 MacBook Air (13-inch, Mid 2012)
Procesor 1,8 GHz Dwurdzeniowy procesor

————

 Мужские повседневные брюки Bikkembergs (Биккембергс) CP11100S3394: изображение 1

————

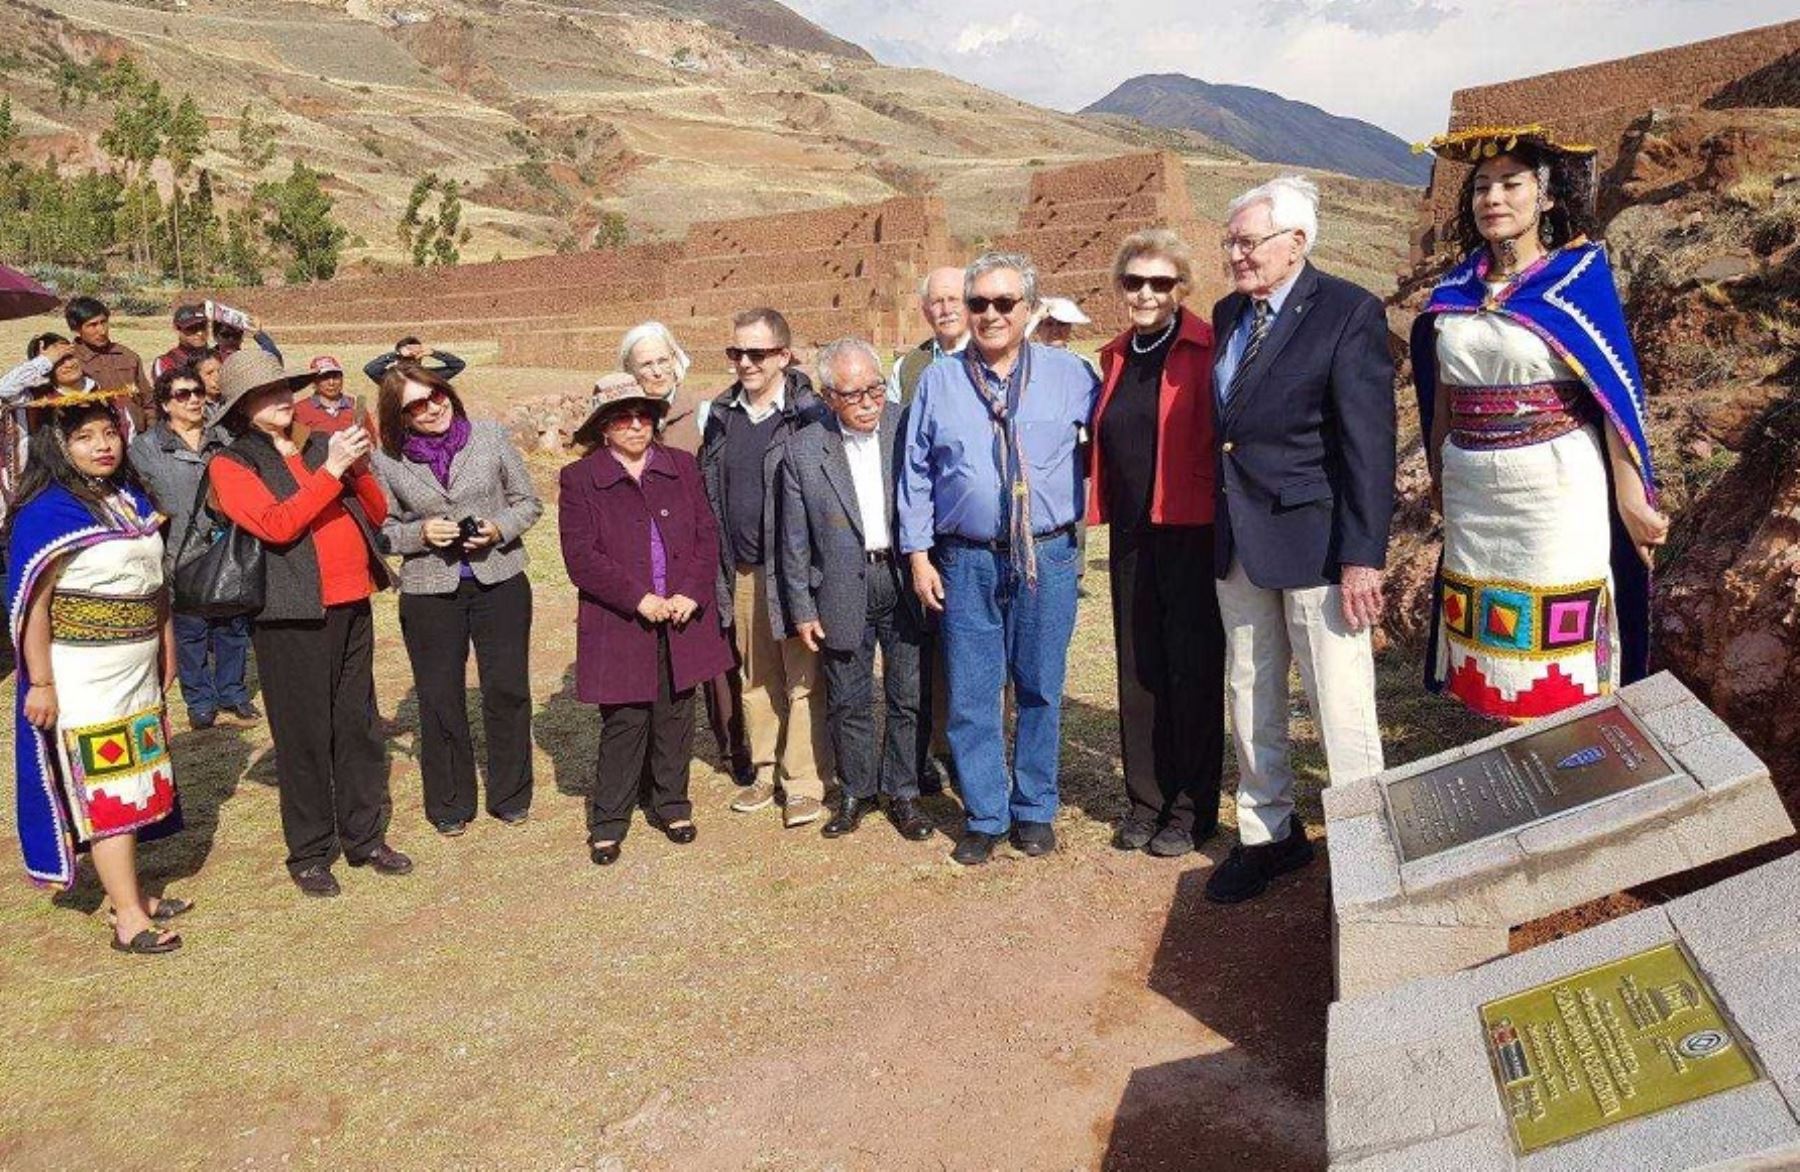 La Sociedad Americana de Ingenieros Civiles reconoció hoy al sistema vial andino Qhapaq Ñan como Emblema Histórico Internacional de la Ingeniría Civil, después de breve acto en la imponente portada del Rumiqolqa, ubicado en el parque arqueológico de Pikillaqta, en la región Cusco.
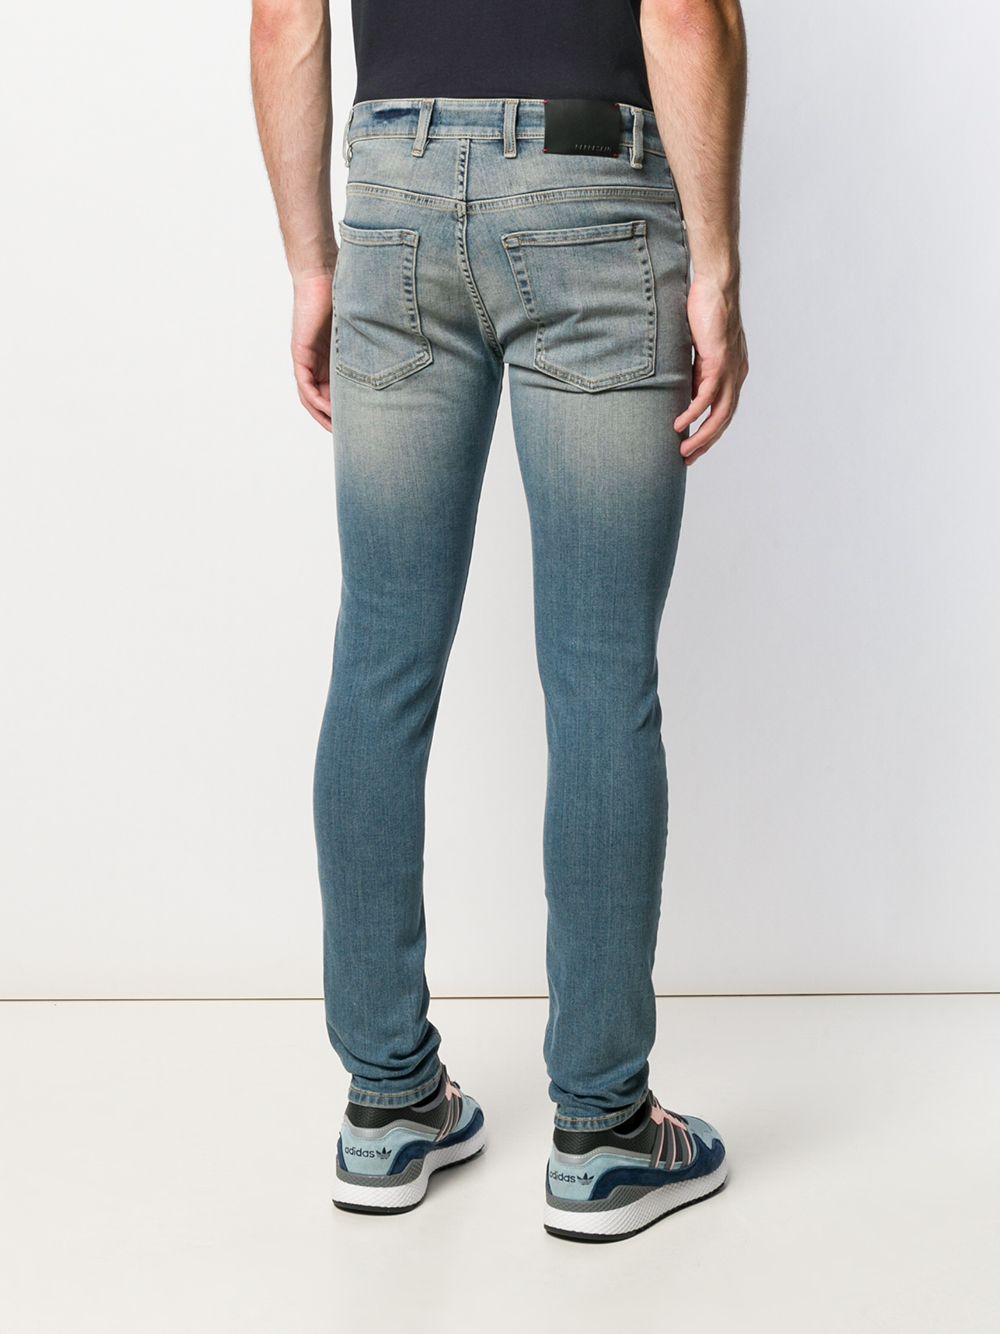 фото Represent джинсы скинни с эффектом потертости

————

> TASK TO COMPLETE
Between and including the line above that contains "La Sociedad Americana" and the line that contains "фото Represent джинсы", restate every line word for word. Pictures stay out.

> RESPONSE TO THE TASK
 La Sociedad Americana de Ingenieros Civiles reconoció hoy al sistema vial andino Qhapaq Ñan como Emblema Histórico Internacional de la Ingeniría Civil, después de breve acto en la imponente portada del Rumiqolqa, ubicado en el parque arqueológico de Pikillaqta, en la región Cusco.
 фото Represent джинсы скинни с эффектом потертости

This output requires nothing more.